◆ **EXERCISE DATA**:
»»

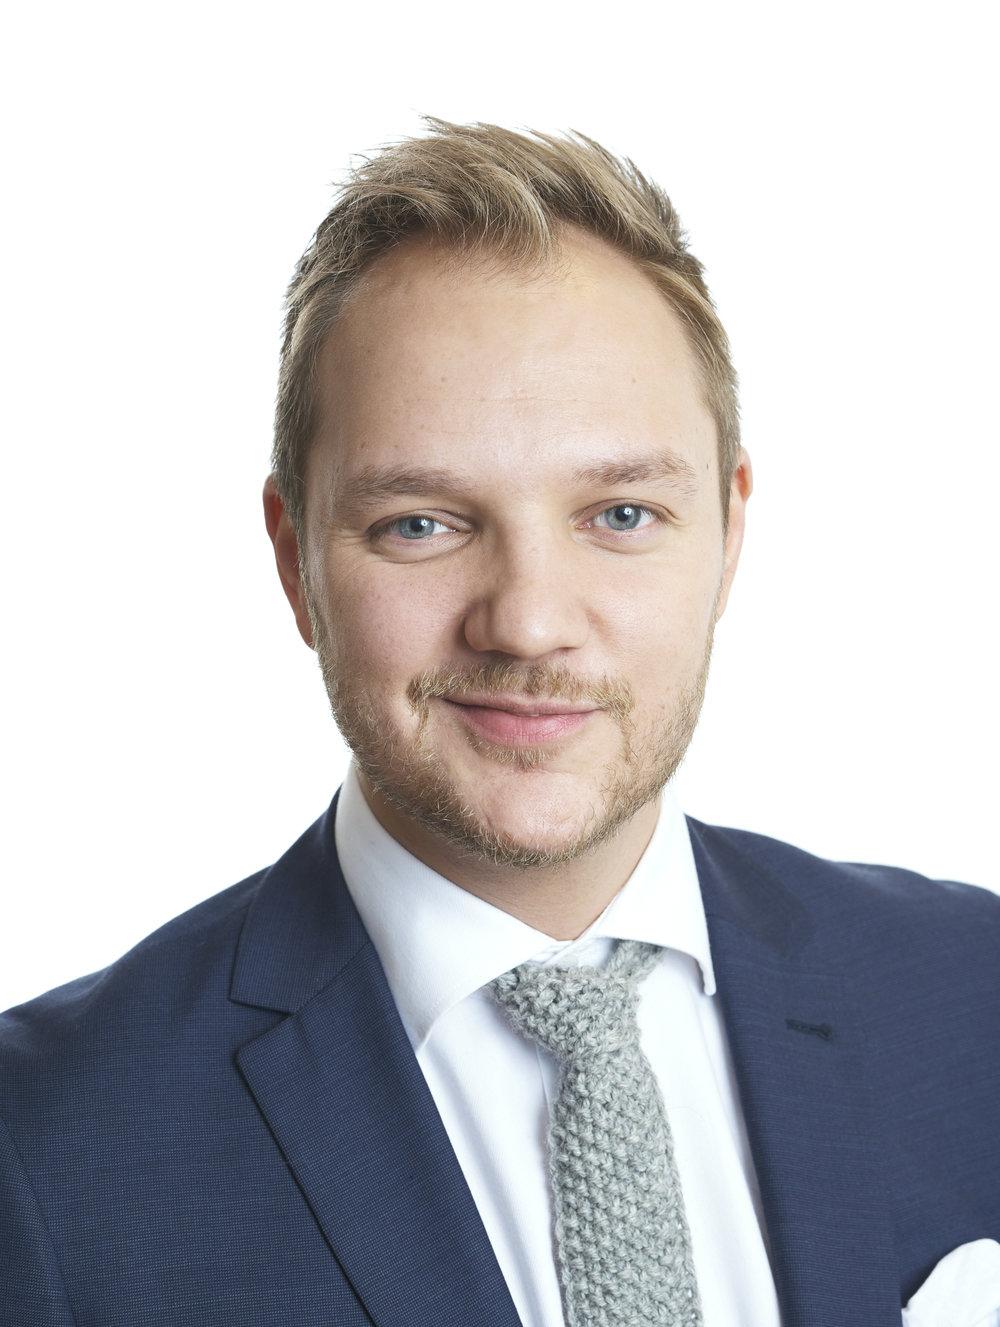 <span>Jaakko Männistö (FIN)</span><span>Feedbackly</span>
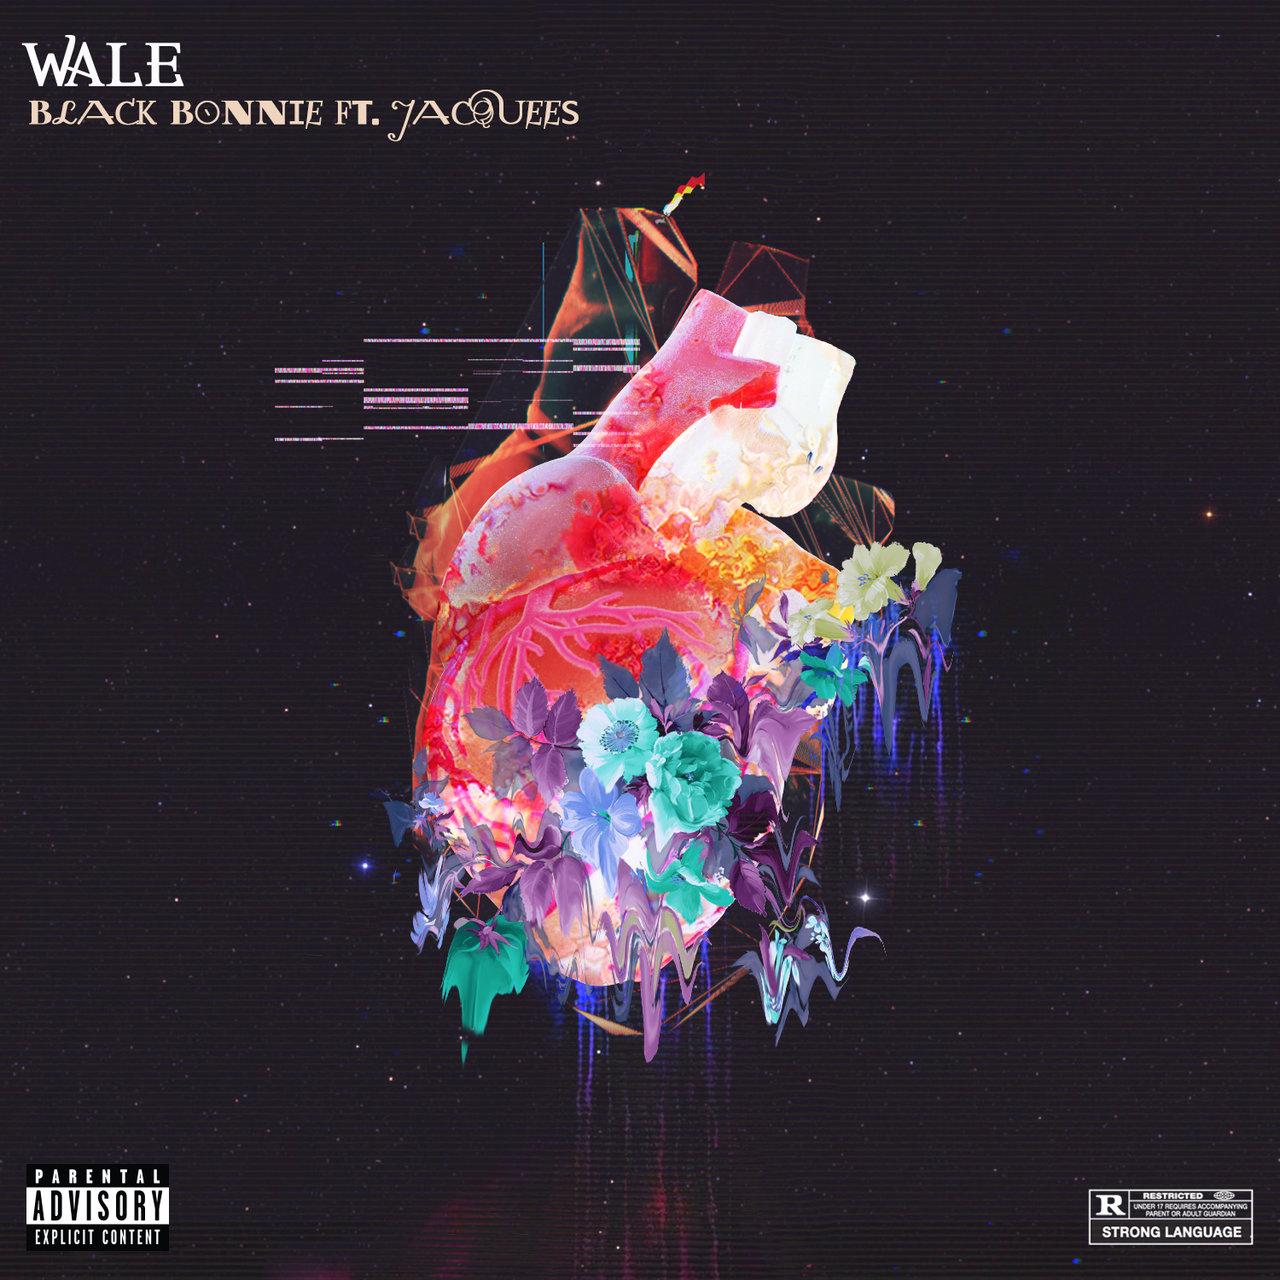 Tidal Listen To Wale On Tidal
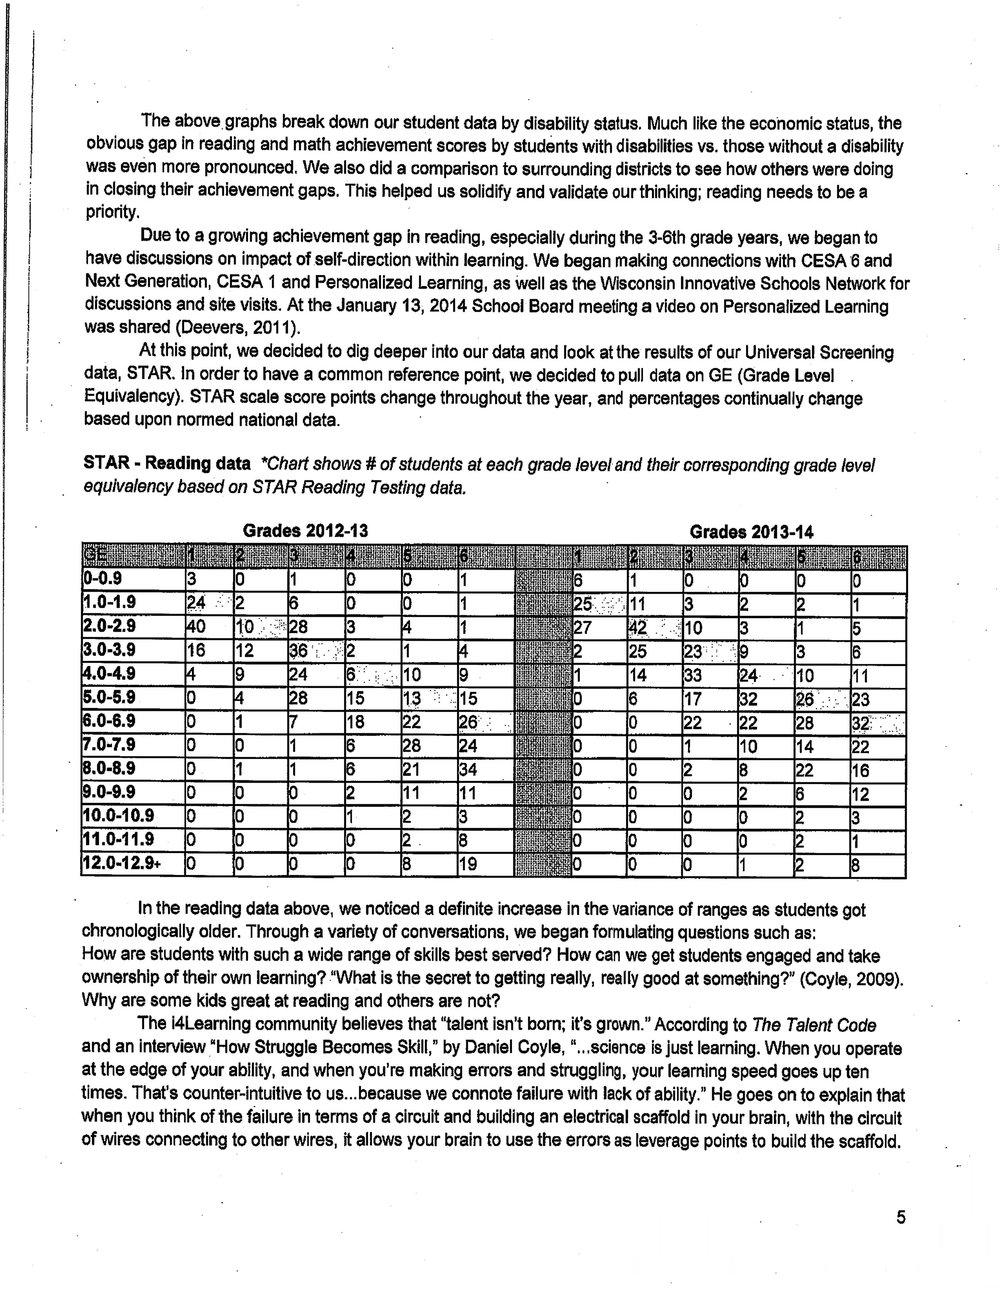 Planning Grant pg 15.jpg
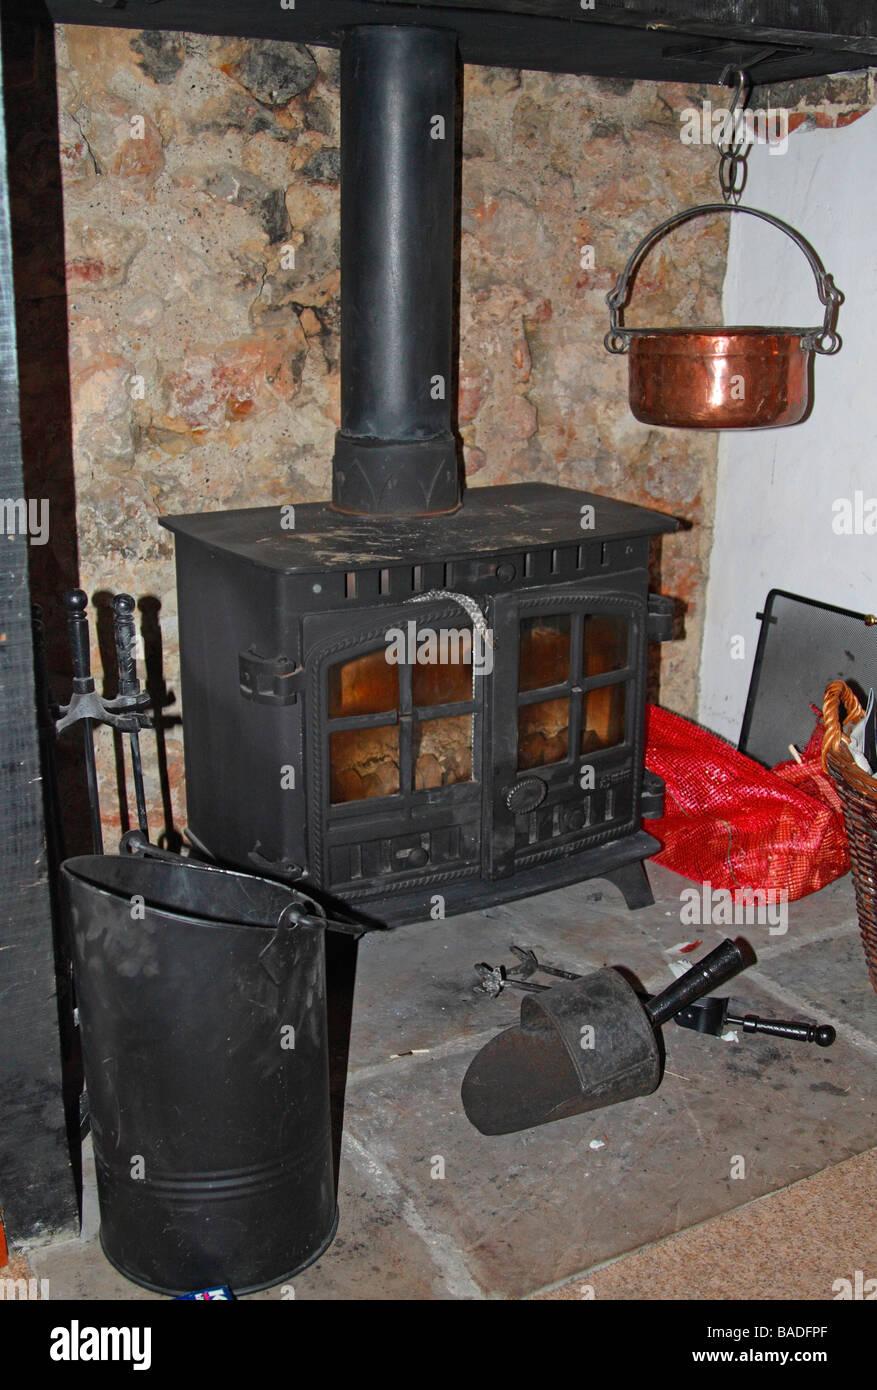 holz-brenner stockfoto, bild: 23654695 - alamy

««

Without any pictures, print the whole listing again exactly as it stands.

 <span>Jaakko Männistö (FIN)</span><span>Feedbackly</span>
 Tidal Listen To Wale On Tidal
 Planning Grant pg 15.jpg
 holz-brenner stockfoto, bild: 23654695 - alamy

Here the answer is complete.